'''

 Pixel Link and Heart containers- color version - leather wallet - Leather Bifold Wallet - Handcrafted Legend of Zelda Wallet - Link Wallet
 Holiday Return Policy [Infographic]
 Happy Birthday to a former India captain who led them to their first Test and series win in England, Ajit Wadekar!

'''
'''

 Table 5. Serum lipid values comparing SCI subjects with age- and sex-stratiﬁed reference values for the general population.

'''

> The task
Using only the entries above, output the line with "Pixel Link and", the line with "Happy Birthday to", and all lines between them, exactly as they stand.

> Your solution
 Pixel Link and Heart containers- color version - leather wallet - Leather Bifold Wallet - Handcrafted Legend of Zelda Wallet - Link Wallet
 Holiday Return Policy [Infographic]
 Happy Birthday to a former India captain who led them to their first Test and series win in England, Ajit Wadekar!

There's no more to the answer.